* [Exercise goal] Everything in the data that follows should be given again verbatim, except the images.
#### Data provided ####
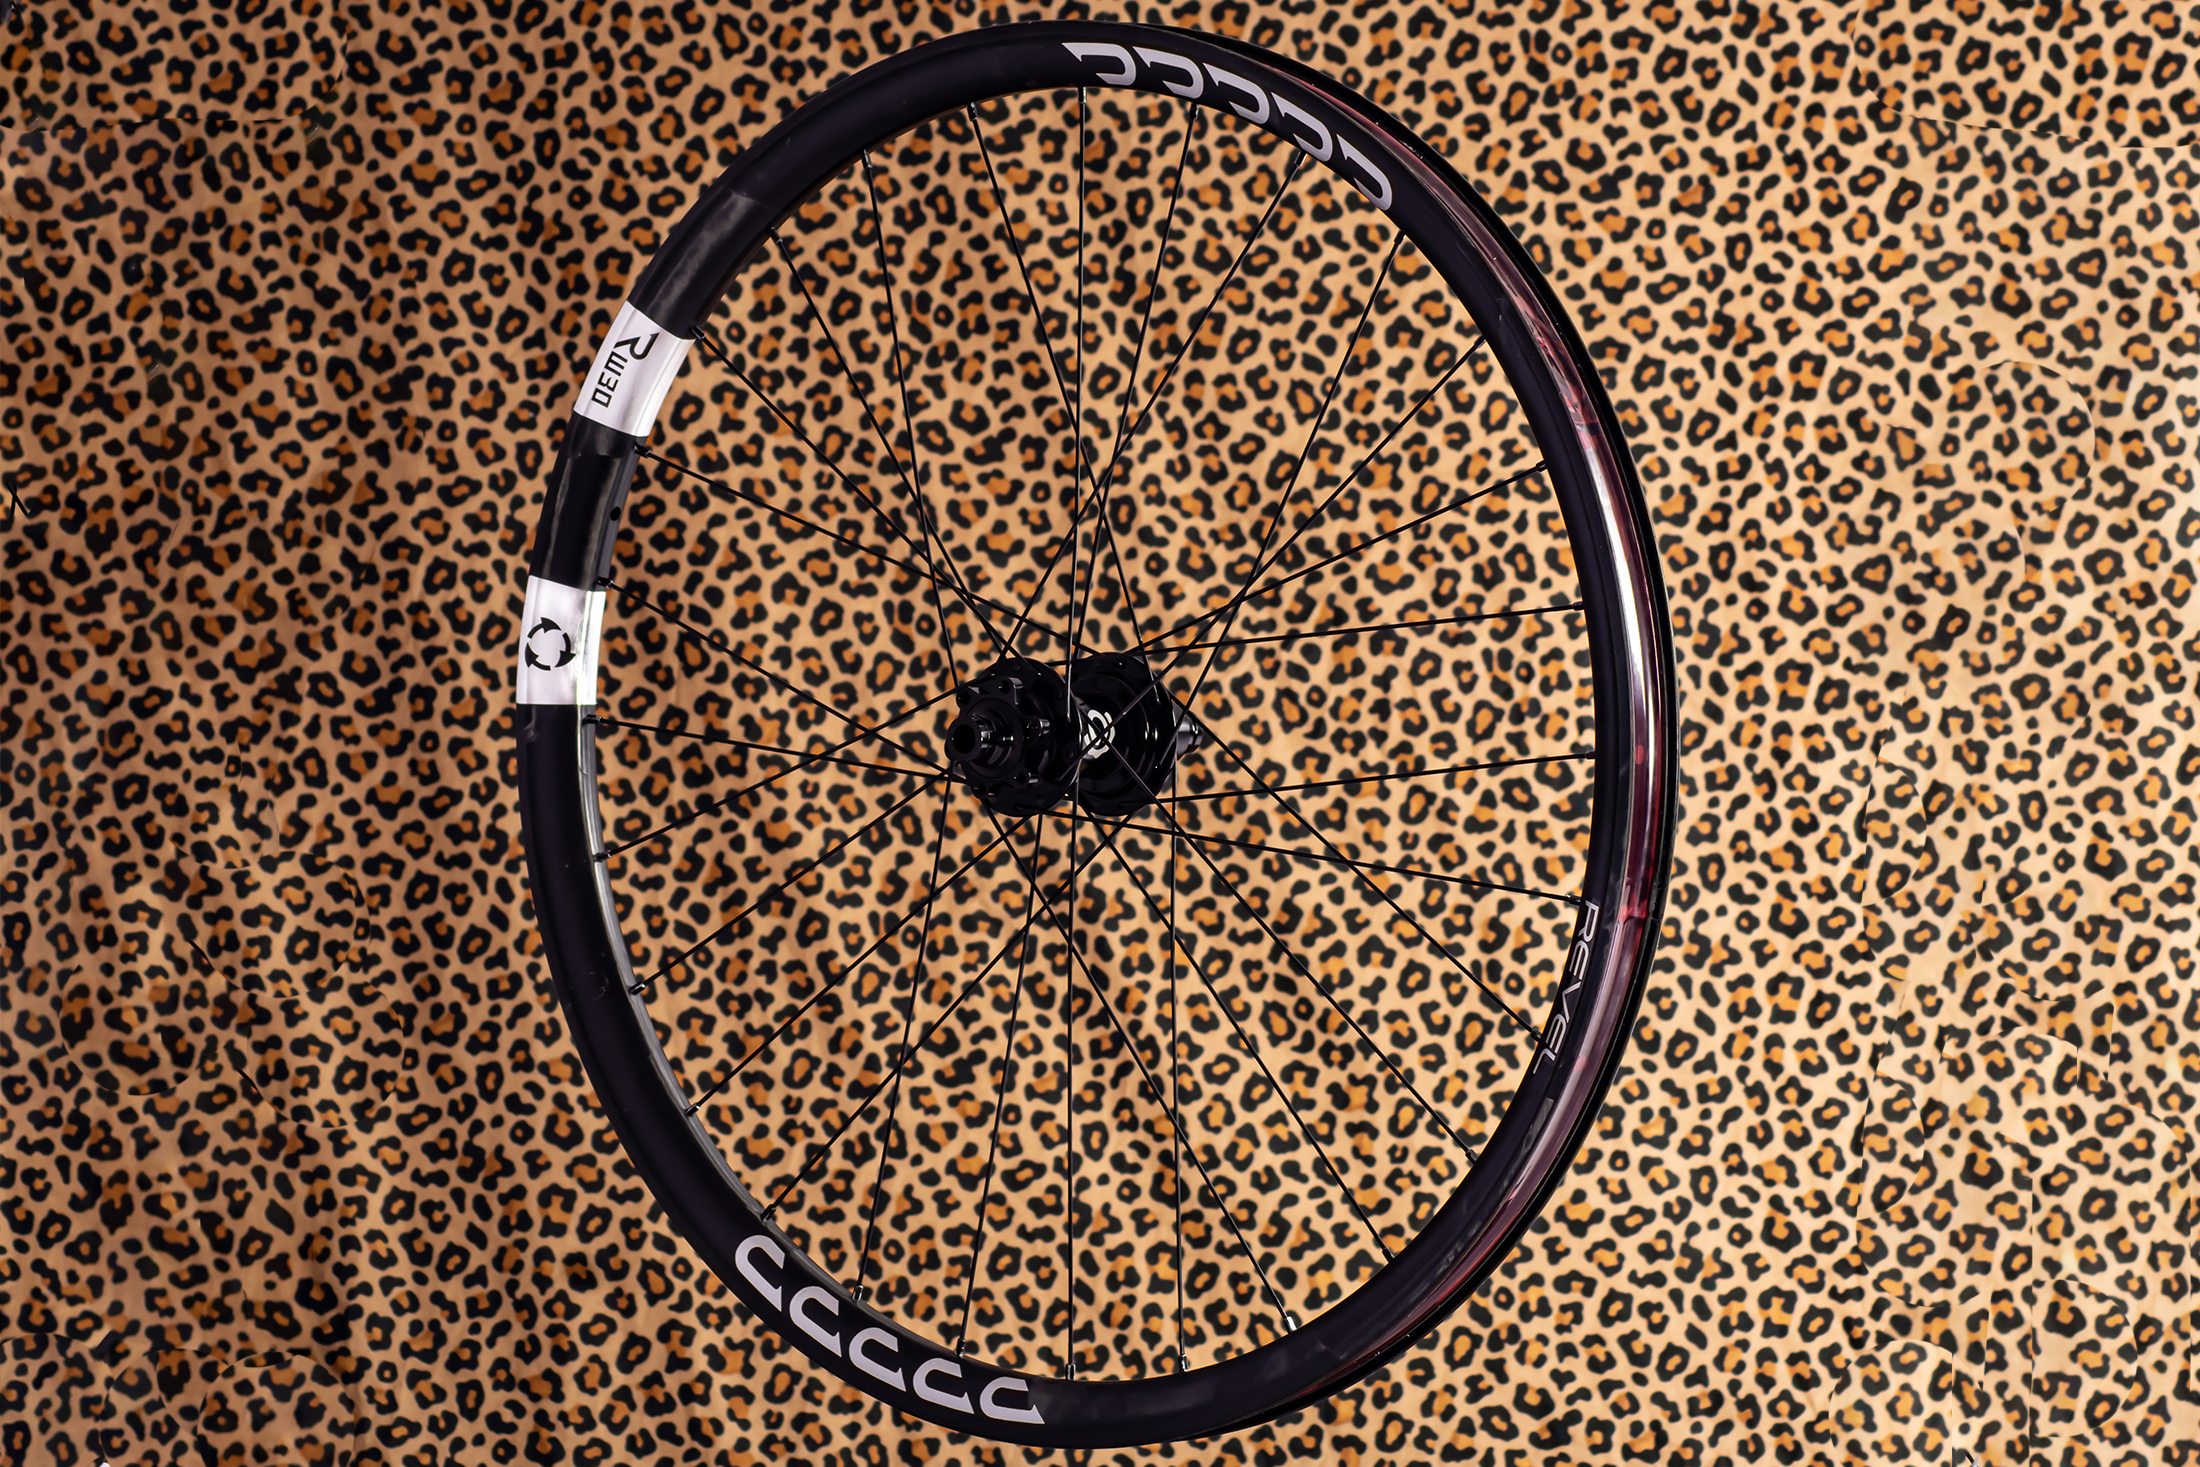 Recyclable Carbon Wheels: Revel Introduces Revolutionary Bike Tech
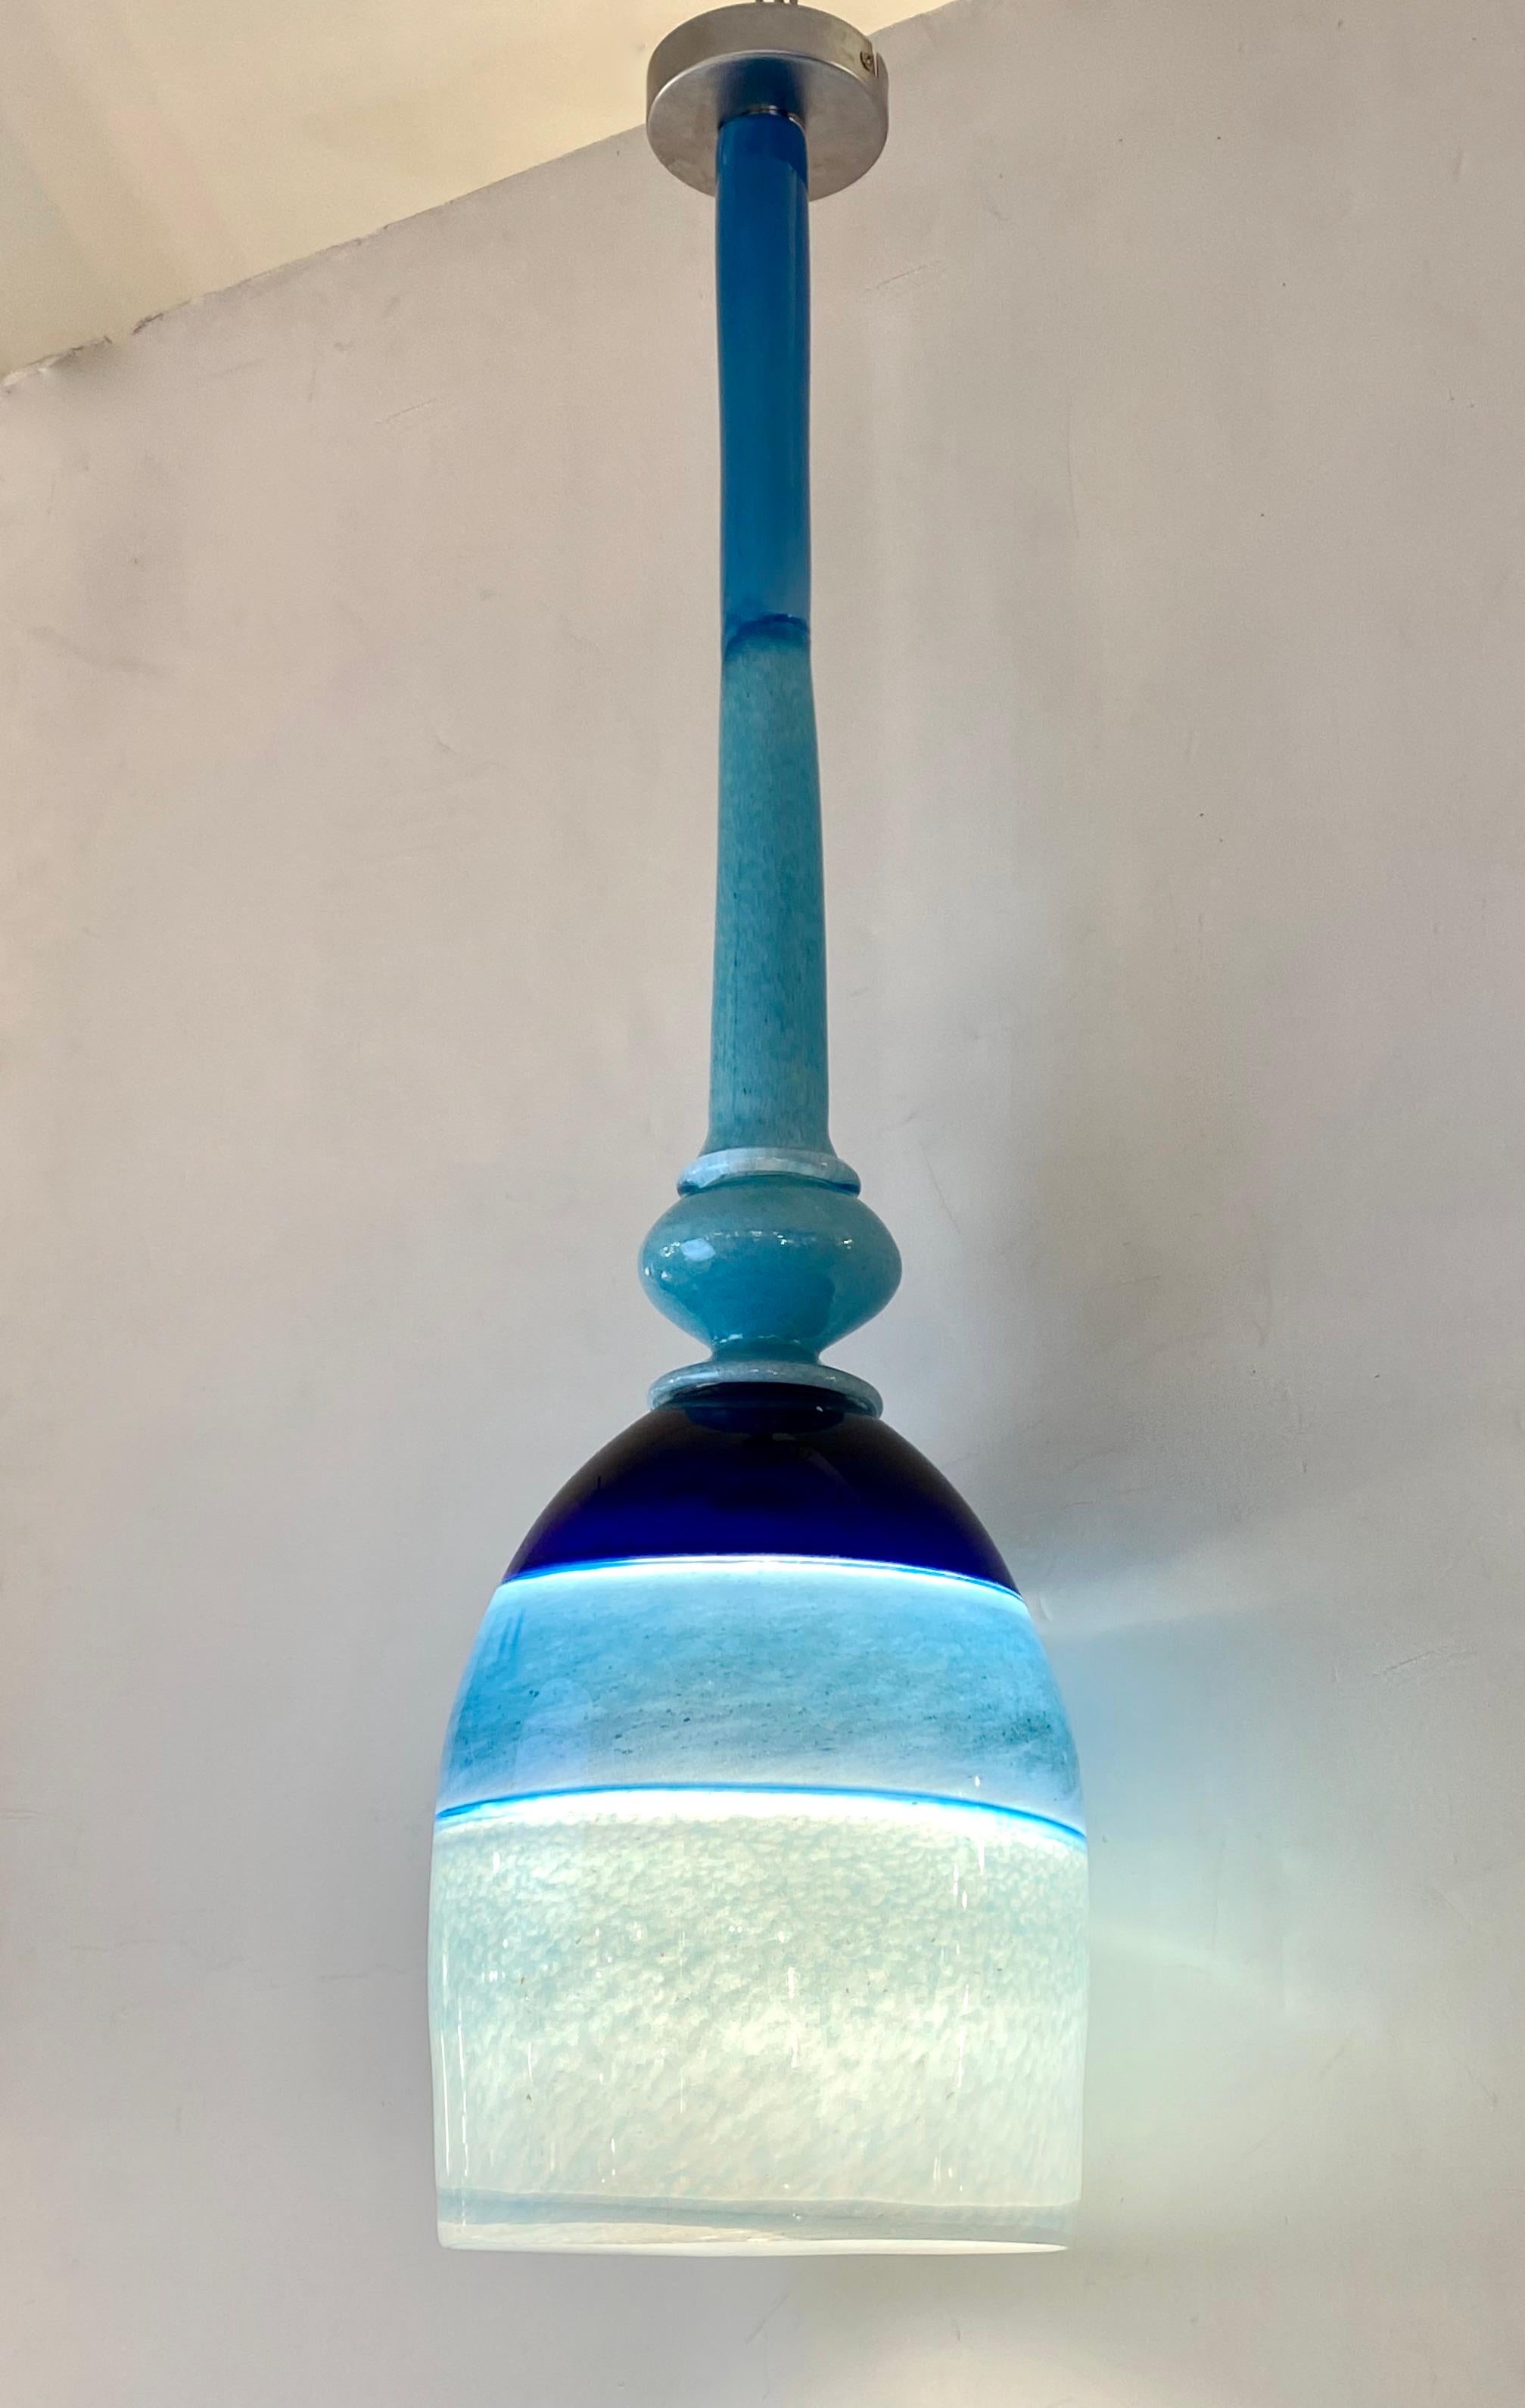 Fun and elegant Italian contemporary custom-made chandelier pendant light, entirely handmade, of organic modern design consisting of a blown Murano glass shade in 3 colors: black, turquoise, mottled aquamarine fused with the difficult incalmo
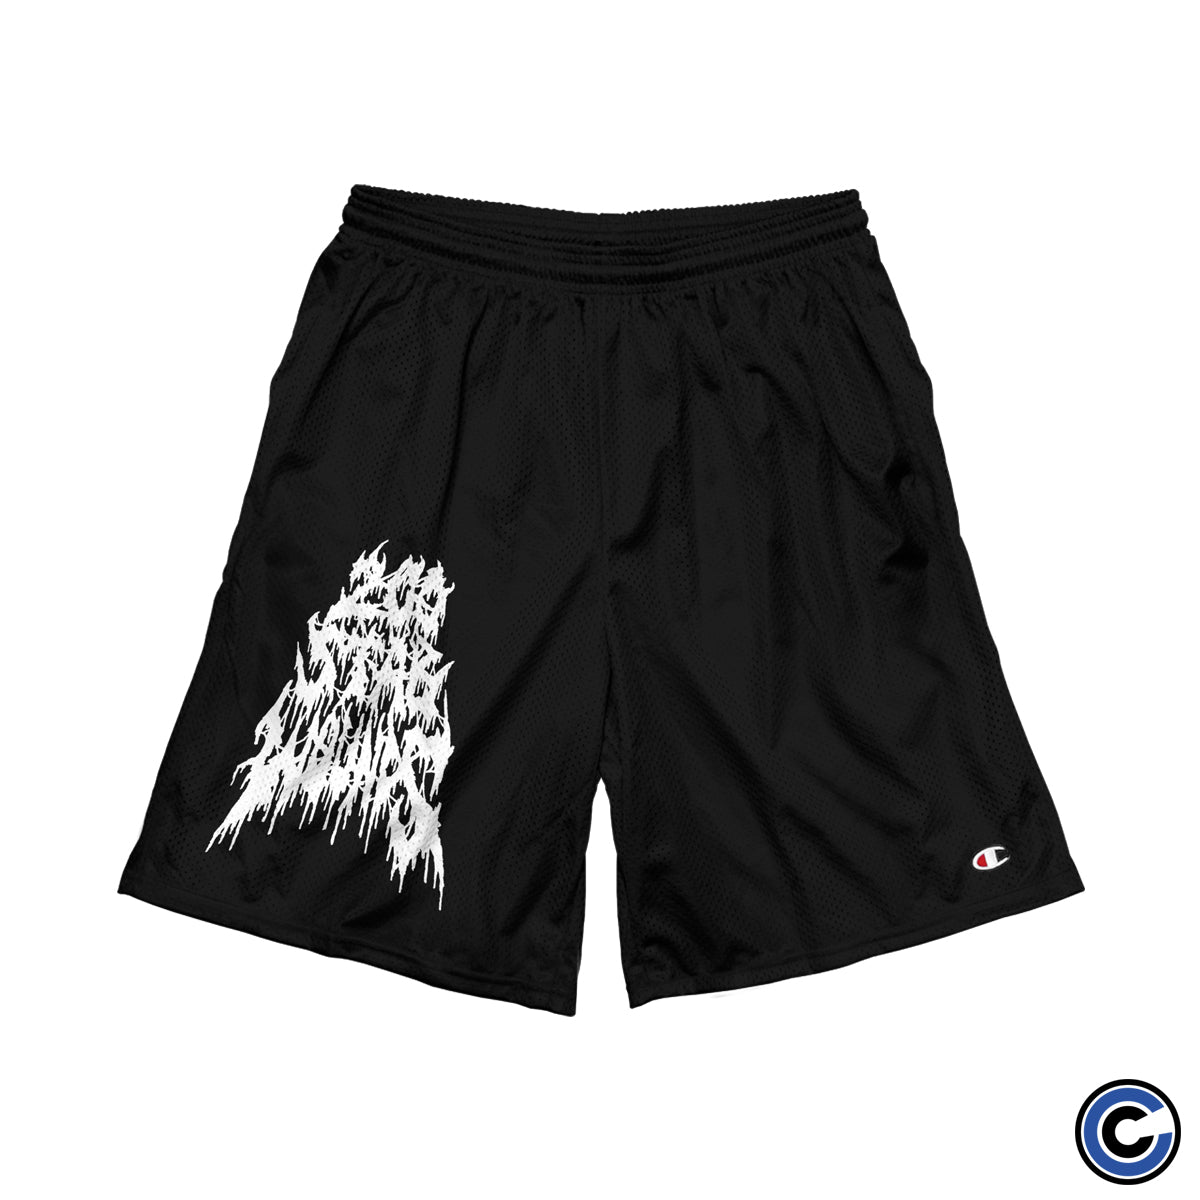 200 Stab Wounds "Logo" Shorts
####
* [Problem solution]
 Recyclable Carbon Wheels: Revel Introduces Revolutionary Bike Tech
 Fun and elegant Italian contemporary custom-made chandelier pendant light, entirely handmade, of organic modern design consisting of a blown Murano glass shade in 3 colors: black, turquoise, mottled aquamarine fused with the difficult incalmo
 200 Stab Wounds "Logo" Shorts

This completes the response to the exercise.